Segundo: grandes companhias de ballet, para bem e para mal, são bastante conservadoras, assim como seu público-alvo principal. Assim, bailarinas em ascensão com grande apelo na internet, como a Maria Khoreva, pra citar um exemplo, só vão subir de posto se mostrarem serviço no palco pra valer, e não no engajamento nas redes sociais.
Terceiro: infelizmente, por uma série de fatores que vão do QI (quem indica) ao racismo, alguns grandes talentos ficam em segundo plano nessas mesmas grandes companhias conservadoras. Na internet eles têm a chance de demonstrar publicamente ao que vieram, e eu andei vendo debates bastante interessantes a esse respeito, do tipo: bailarino X deveria estar entre os primos ballerinos na Companhia Y, no lugar do bailarino Z, que só tá lá porque é um branco padrãozinho (não quero citar nomes porque eu sei o tamanho da treta que isso dá). E nisso eu coloco a minha esperança: que o número de views e o engajamento façam as companhias reverem certas posturas no futuro quanto a essa questão de falta de diversidade.
Pra finalizar, menores de idade sensualizando é um problema que existe desde que este mundo é mundo, infelizmente. A plataforma só fez isso globalizar e se evidenciar ainda mais, portanto, o buraco é muito mais embaixo, de fato, como você disse, é questão pra se debater em outro momento e com mais profundidade. Mas te recomendo ir ao campo de busca do TikTok e lá escrever o que você gostaria de ver nos seus reels, porque te garanto que tem muita coisa de qualidade excepcional. Tanto de bailarinas e bailarinos de companhias conhecidas, quanto de pessoas anônimas. O bom desses algoritmos é que você pode sair daquelas danças monótonas que se repetem, clicando em cima do vídeo e marcando a opção “não interessado”, ou simplesmente rolando pra cima.

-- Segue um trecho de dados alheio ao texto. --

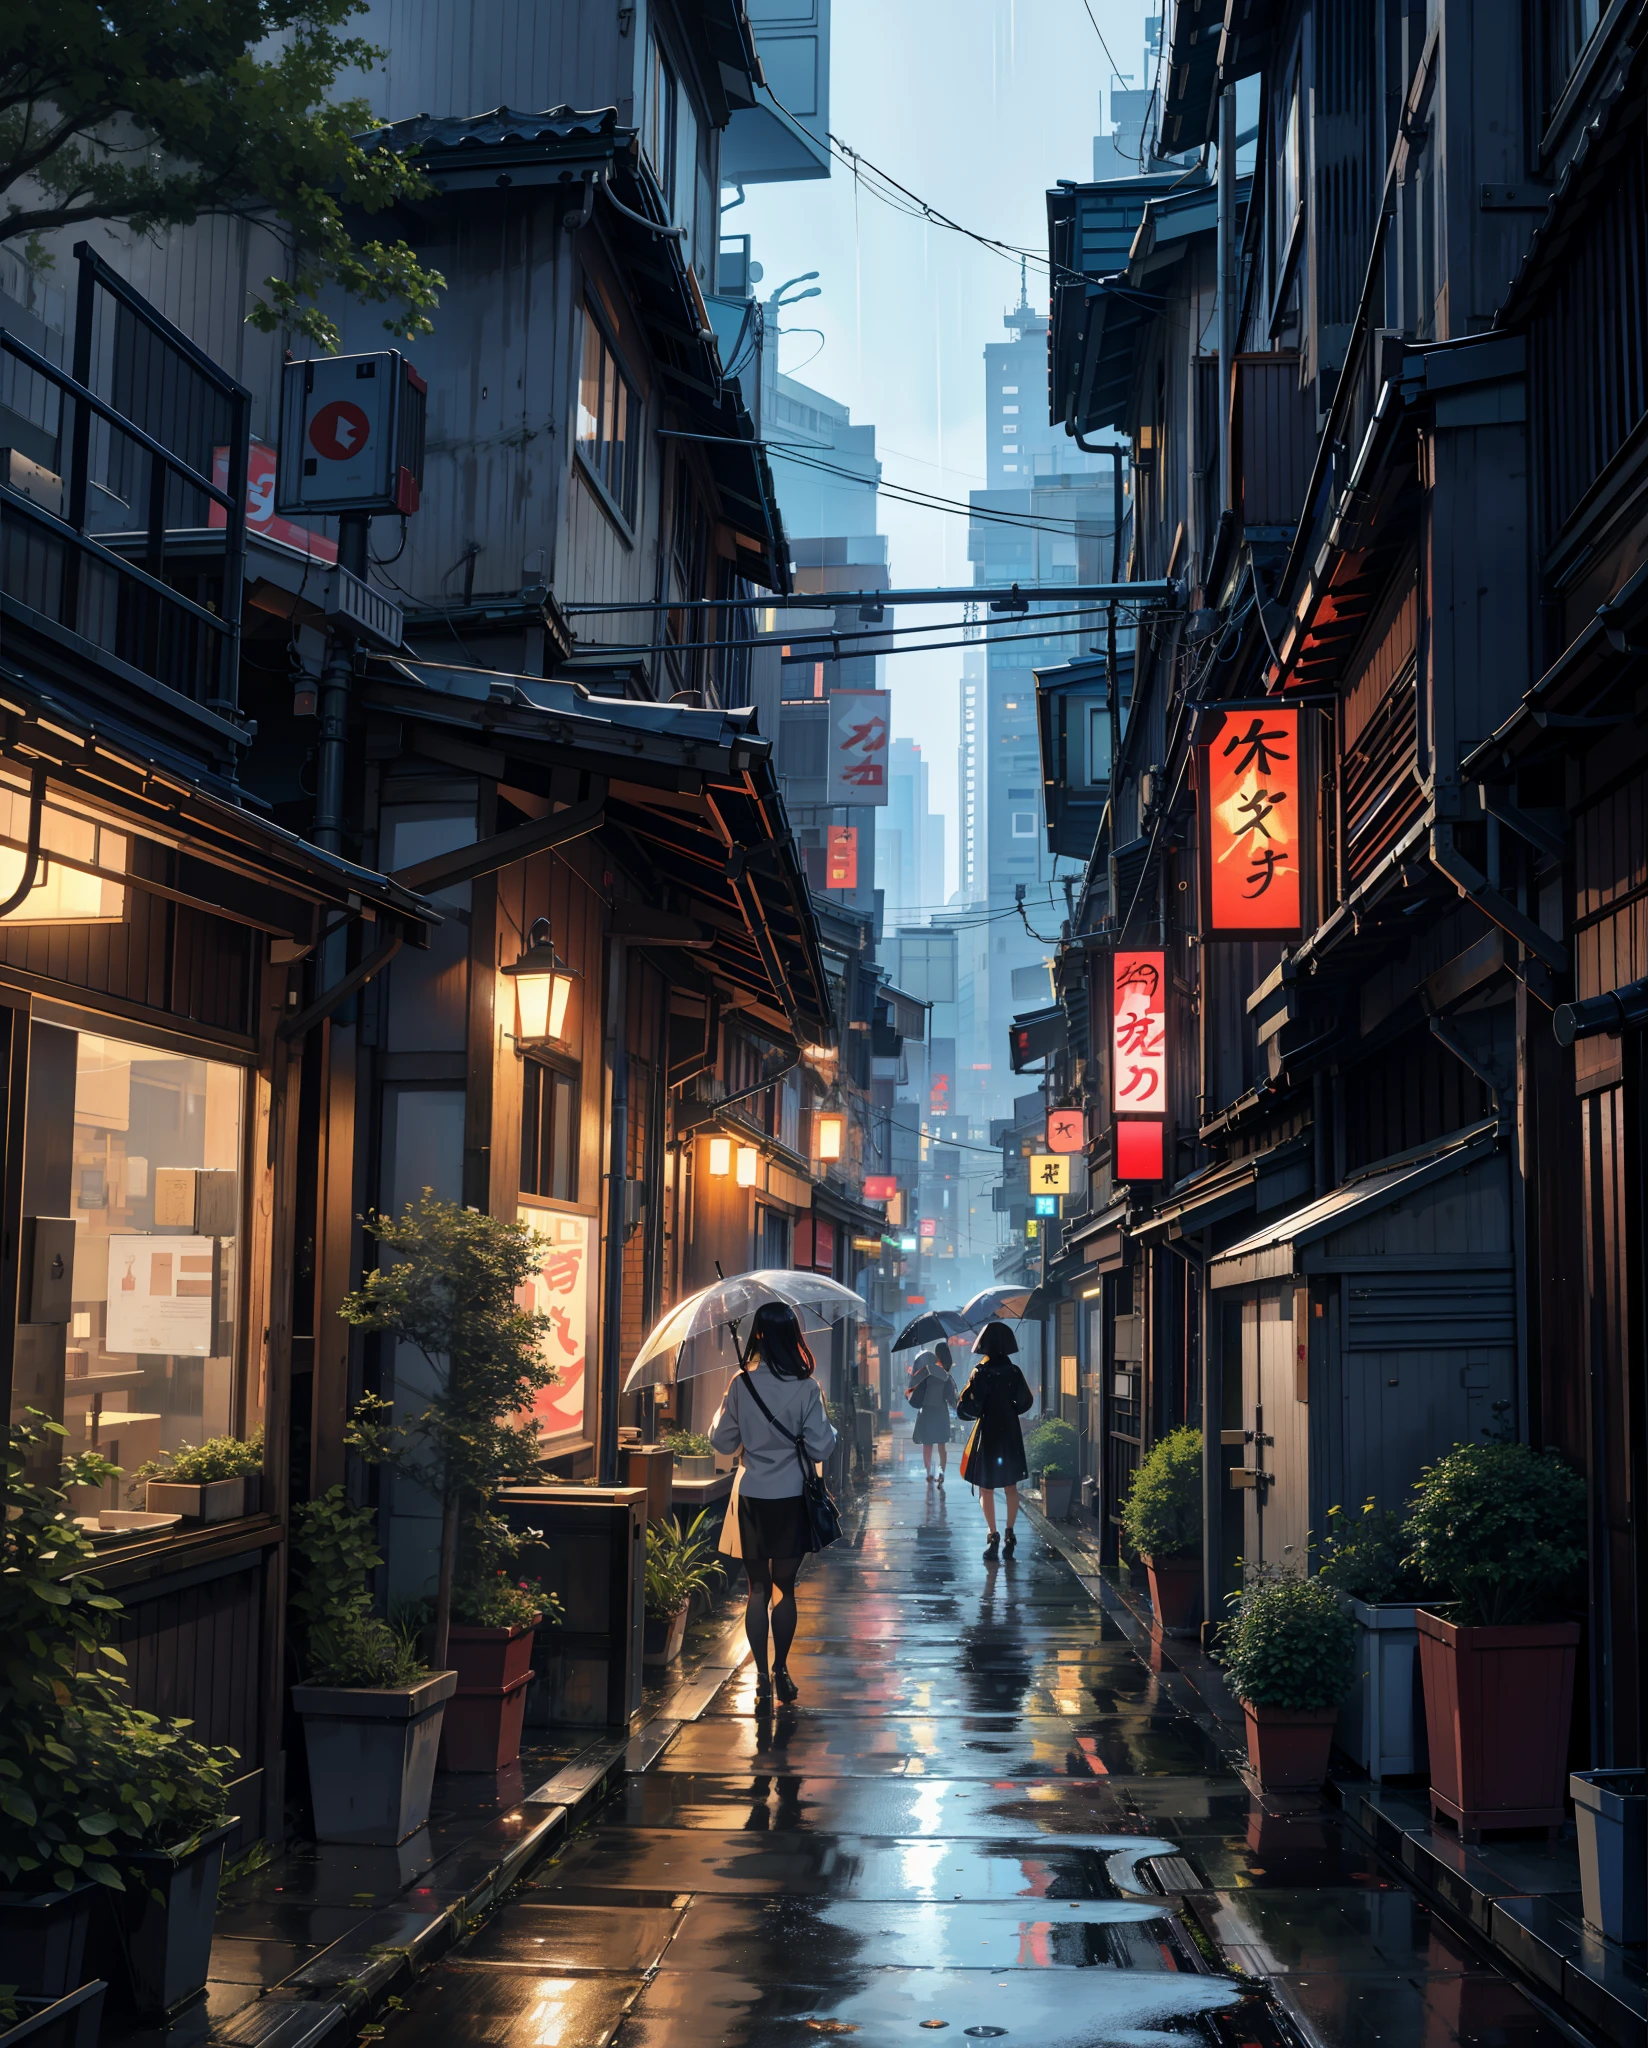 雨の日の東京の街の絵, 路地 , 美しい景色, 降雨,濡れた舗装道路 ((輝く表情)),高解像度, 高品質, 水の反射, 茂み,4k 高解像度, 雲,beautiful art u高解像度 4 k, 美しいアートワークのイラスト, 美しいデジタル絵画, 非常に詳細なデジタル絵画, 美しいデジタルアート, 詳細な絵画 4k, 非常に詳細なデジタル絵画, 豊かな絵のような色彩, ゴージャスなデジタルペインティング
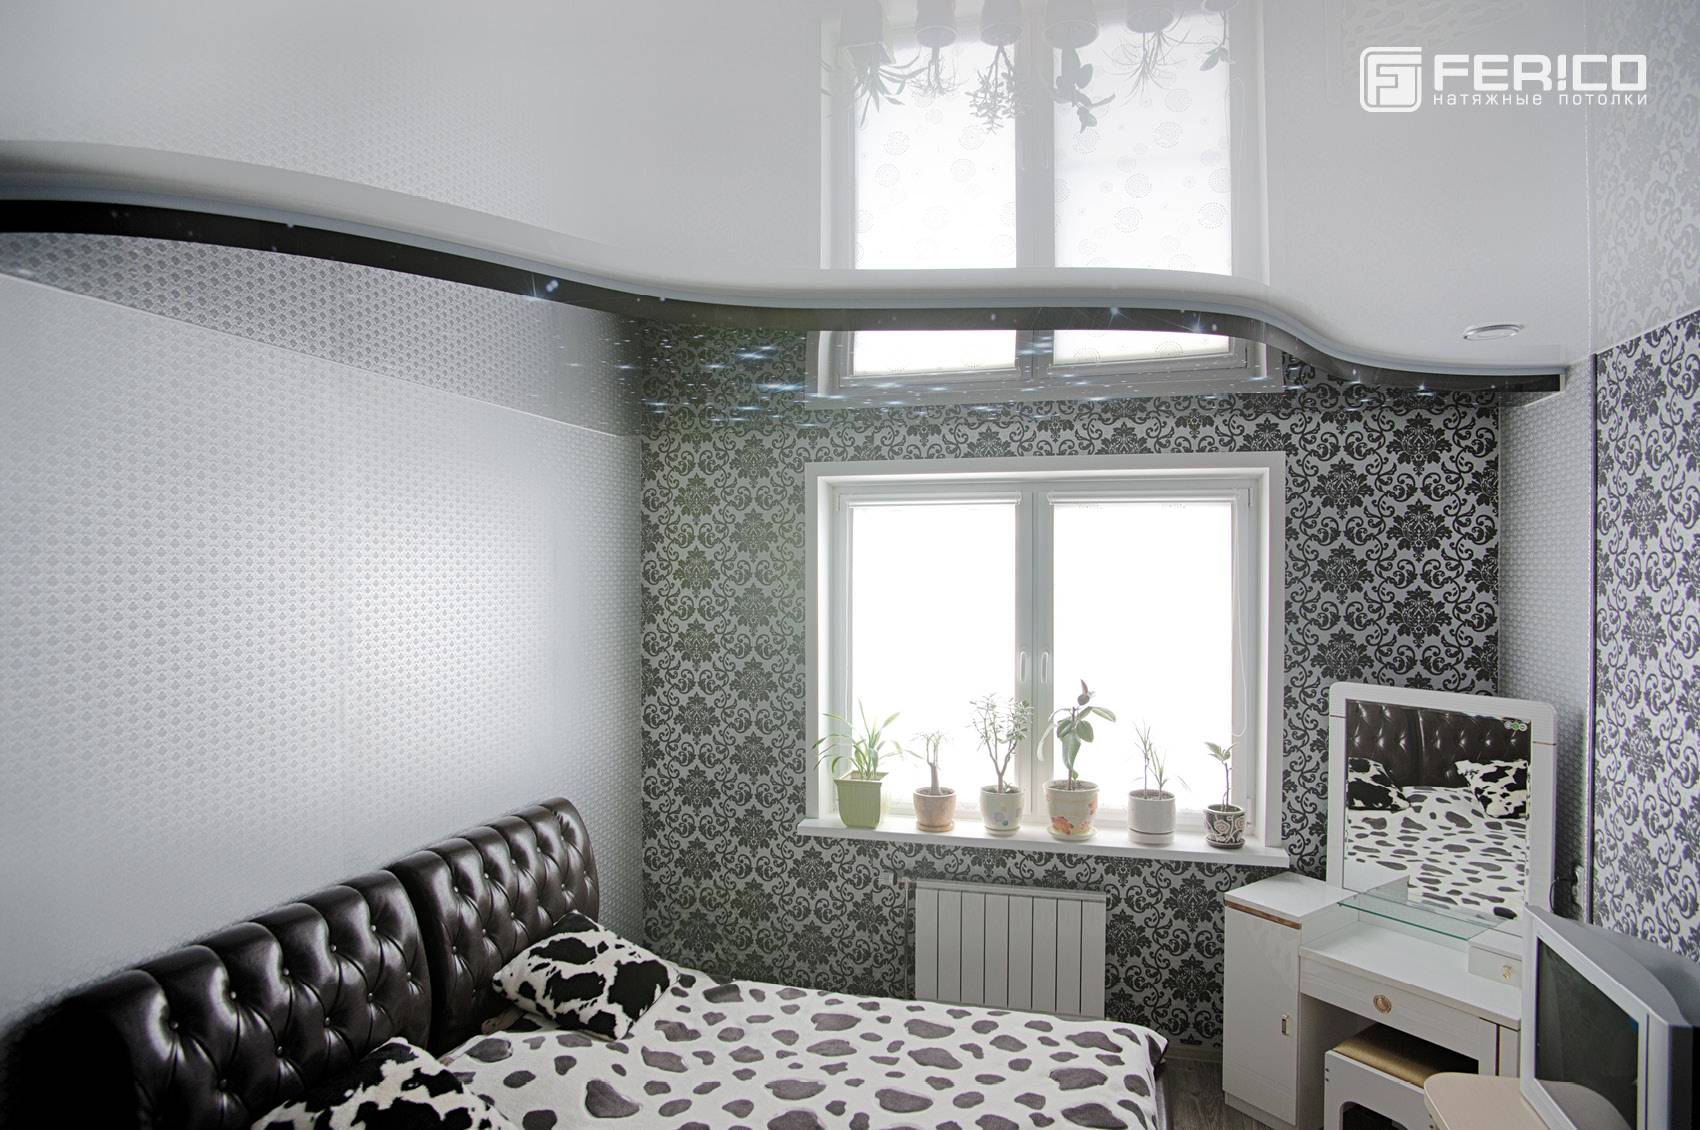 Особенности и варианты освещения спальни с натяжными потолками

Que reflexão interessante… fazia muito tempo que eu não assistia “Dança dos Famosos”, e assisti justamente nesse dia das “dancinhas da Internet” e fiquei muito surpresa! Fiquei me perguntando se era uma modalidade de dança. Ainda não sei bem o que pensar, mas não vi nada que realmente me acrescentou nesse tipo de modalidade, por assim dizer. O que mais me me preocupei foi com a sexualização exagerada de meninas tão jovens.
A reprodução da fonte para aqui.